Un mois est passé, nous sommes en octobre 1823 et c'est alors que l'affaire judiciaire rebondit. Un rebondissement tel que personne n'aurait pu l'imaginer, ni à Granges, ni parmi les magistrats spinaliens. Maître Pellet lui-même n'en espérait pas temps. En conseillant à son confrère Maître Mandheux, avocat de Lejeal, de se pourvoir en cassation, il avait espéré un renvoi, que leur client soit jugé à nouveau mais pour homicide involontaire.
La Cour de Cassation en avait des dossiers à examiner ! Et, la plupart du temps, elle confirmait les arrêts des tribunaux. Le 9 octobre 1823 elle statue sur le pourvoi de Claude Lejeal.
Comme l'avait crié haut et fort Maître Pellet, le rejet par la Cour d'Assises des Vosges de la seconde déclaration des jurés était contraire à la raison : en renvoyant le jury délibérer, à la requête du Procureur, la Cour avait implicitement annulé la première déclaration. Or, le jugement avait été rendu en appui sur celle-ci ! Mais un autre point a son importance : dans la question posée aux jurés, il ne leur est pas demandé si, oui ou non, le coup a été porté volontairement ou involontairement. Au contraire, la question tend à affirmer qu'il est volontaire.

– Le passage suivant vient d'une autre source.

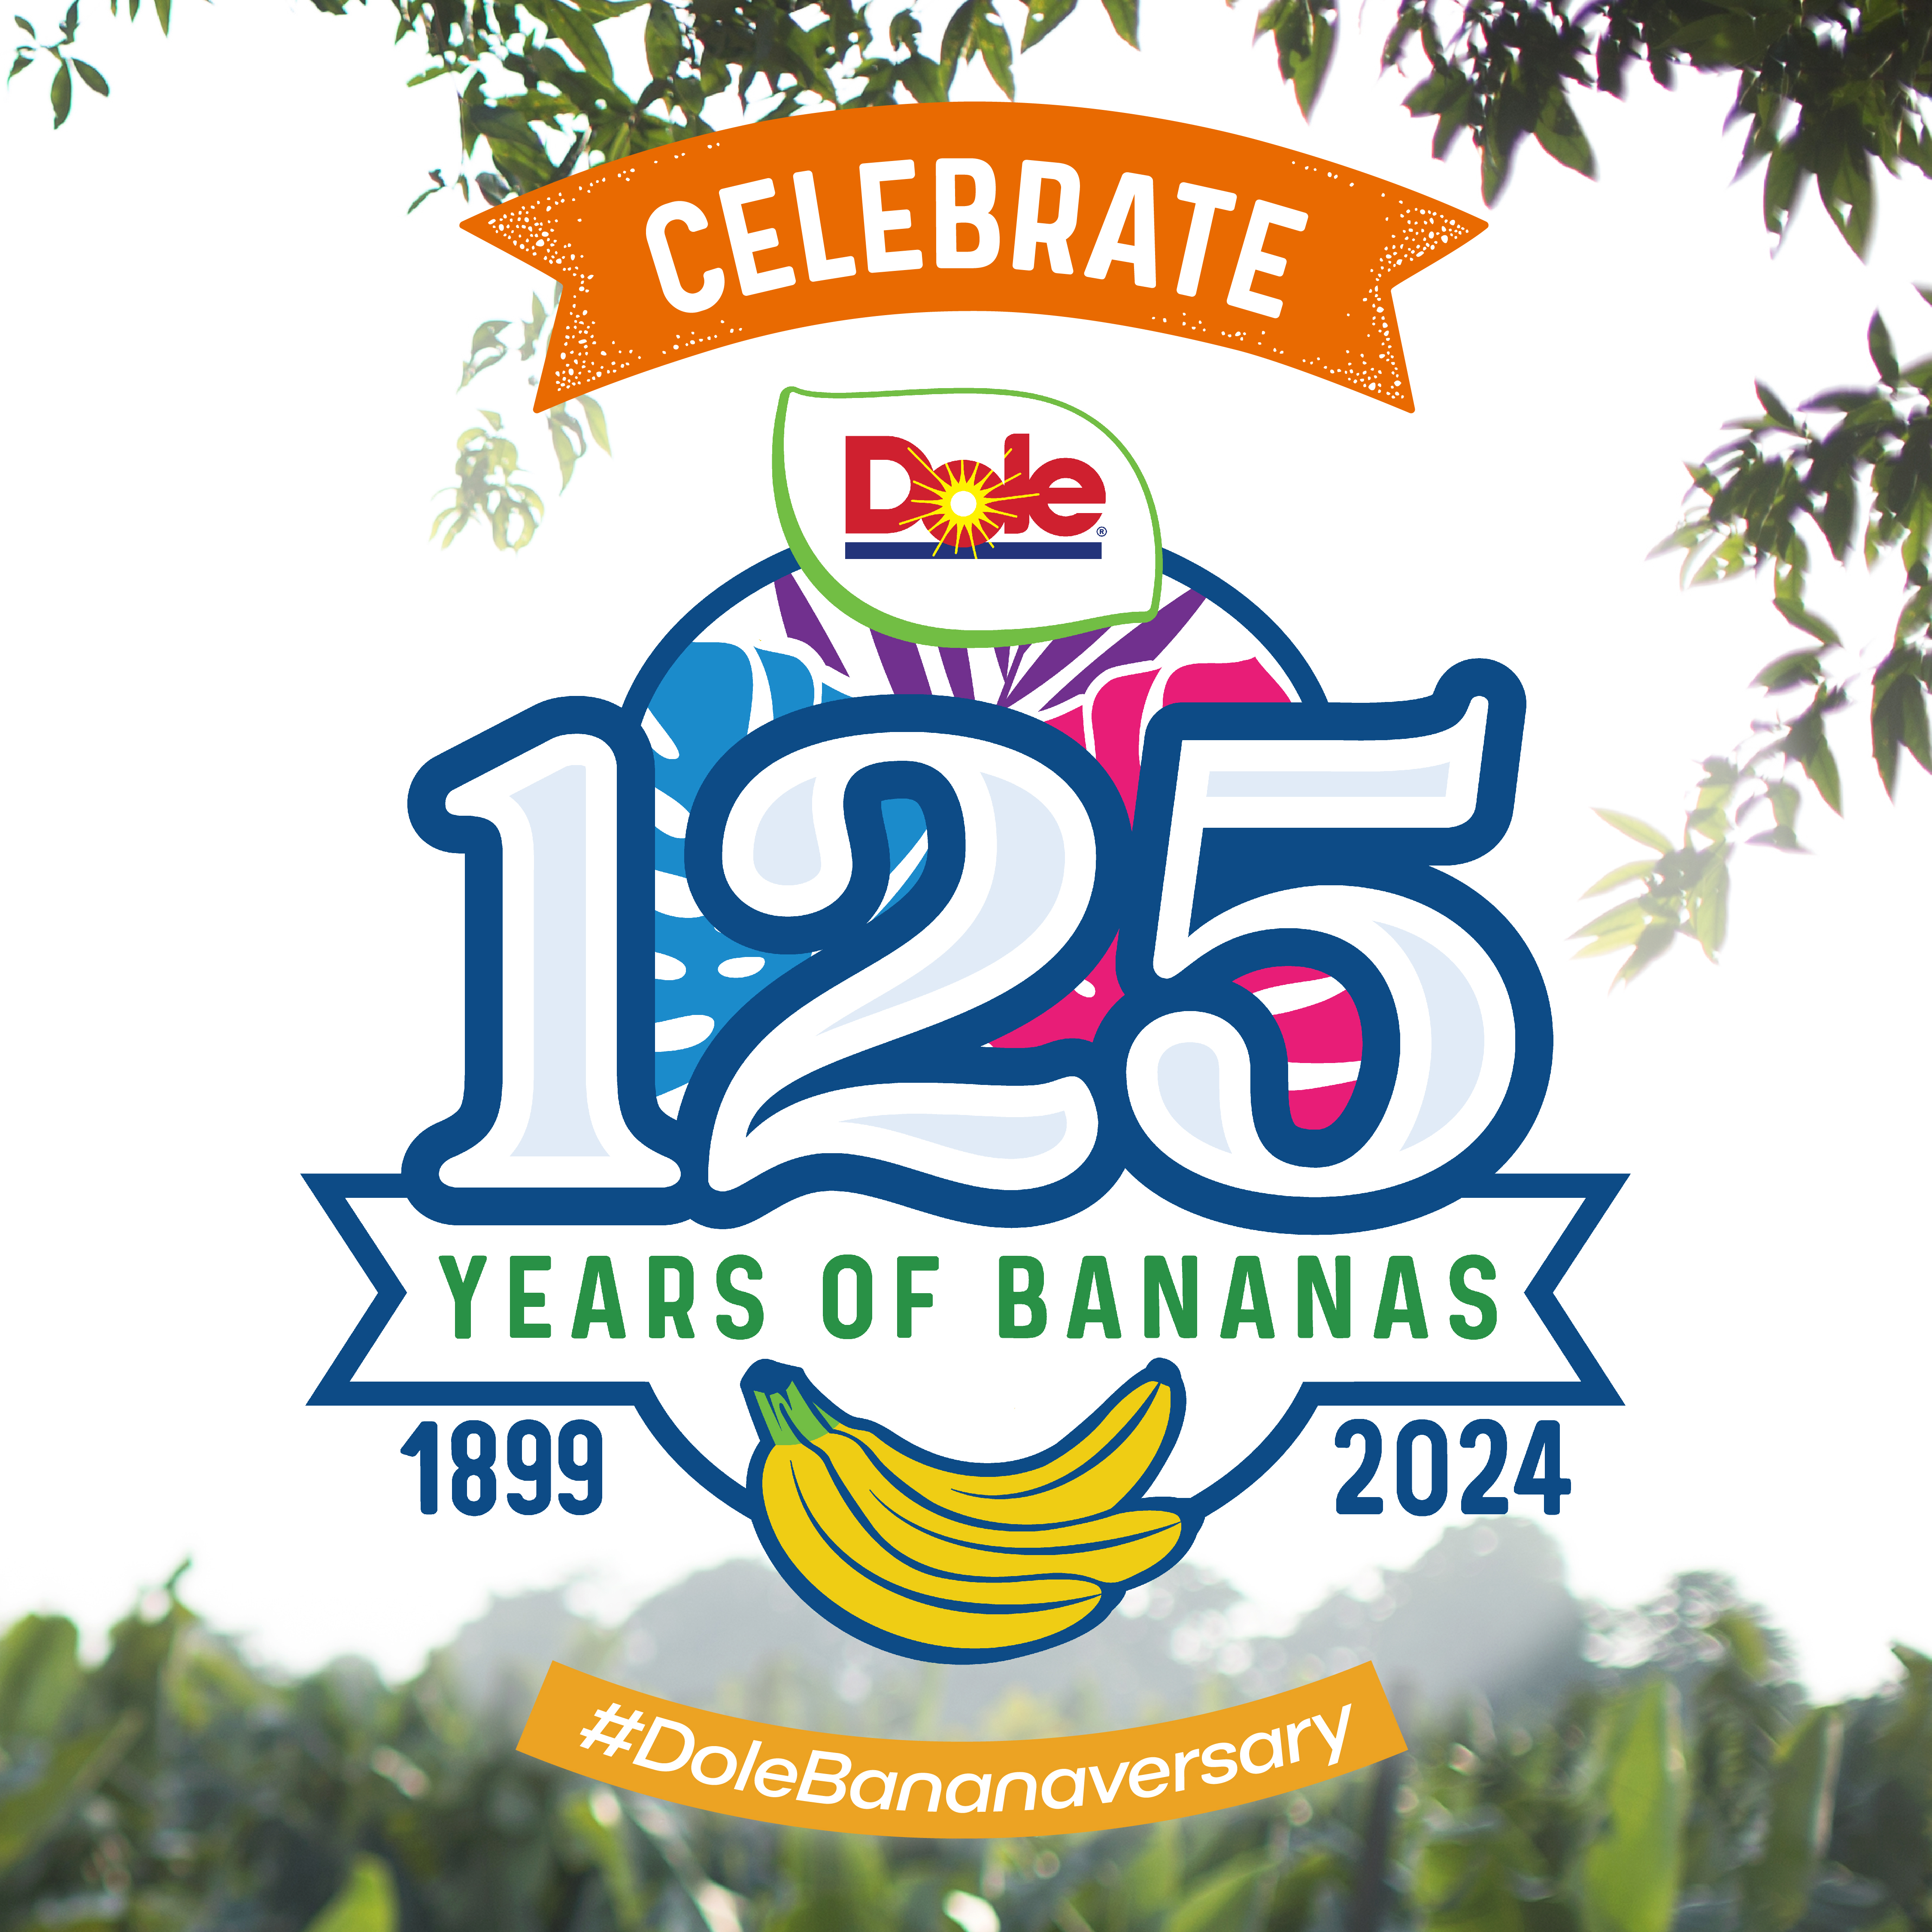 125 Years of Bananas

En se substituant donc au rôle des jurés, la Cour répond elle-même à l'interrogation de savoir si l'accusé a commis un acte délibéré, ce qui n'est pas de sa compétence mais de celle du jury !
La Cour de Cassation ne s'y trompe pas et elle rend ainsi son arrêt, prononcé par sa section criminelle en audience publique du neuf octobre dix huit cent vingt trois, par la voix de son Président, le Chevalier de Bailly, doyen des Conseillers :
« Louis, par la grâce de Dieu, Roi de France et de Navarre ….... notre Cour de Cassation a rendu l'arrêt suivant fondé sur le pourvoi de Claude Lejeal en cassation de l'arrêt contre lui rendu par la Cour d'Assises des Vosges …...
Attendu que d'après la déclaration des jurés qu'ils ont répondu à une question qui ne leur avait pas été proposée ( savoir si l'homicide était ou non volontaire ) et que leur réponse semblait indiquer contradiction …...
Attendu que les jurés s'étant retirés dans la chambre de leur délibération, ils ont rapporté une seconde déclaration ainsi conçue : Claude Lejeal est coupable d'avoir porté involontairement ( souligné dans la minute d'arrêt ) un coup duquel il est résulté la mort et sans les circonstances de guet-apens et de préméditation …..
Attendu que l'homicide involontaire n'est point qualifié meurtre ….. cette Cour ( d'Epinal ) a commis un excès de pouvoir, violé les règles de la compétence et fait une fausse application des articles 295, 304, 20 et 22 du Code Pénal …..
La Cour de Cassation , statuant sur le pourvoi de Claude Lejeal, casse et annule ( souligné dans le dossier ) l'arrêt de la Cour d'Assises du département des Vosges du six septembre dernier ….. et par suite celui du même jour par lequel ledit Claude Lejeal a été condamné aux travaux forcés à perpétuité ….. déclare qu'il n'y a lieu à prononcer AUCUN RENVOI » !
Les avocats, Mandheux et Pellet, sont au comble de la joie de leur succès. Même Maître Pellet n'avait forgé tel espoir : aucun renvoi possible, c'est dire que Claude Lejeal est LIBRE ! !
Oui, Claude Lejeal est aussitôt libéré, hébété, n'osant y croire car, enfin, il a tué !
Certes, mais sans ce vice de forme, ce vice de procédure, ce rebondissement spectaculaire n'aurait pas eu lieu, il aurait été condamné, pas à perpétuité mais peut-être à vingt ans, comme le fin Georges, peut-être à moins … On ne le saurait jamais, la Cour de Cassation, n'autorisant aucun renvoi, aucun jugement ultérieur, a sans doute voulu sanctionner sévèrement la Cour d'Assises d'Epinal afin d'éviter à l'avenir ce qu'elle nomme « excès de pouvoir et violation des règles de compétence » ….
Et Claude Lejeal arrive à Granges, libre.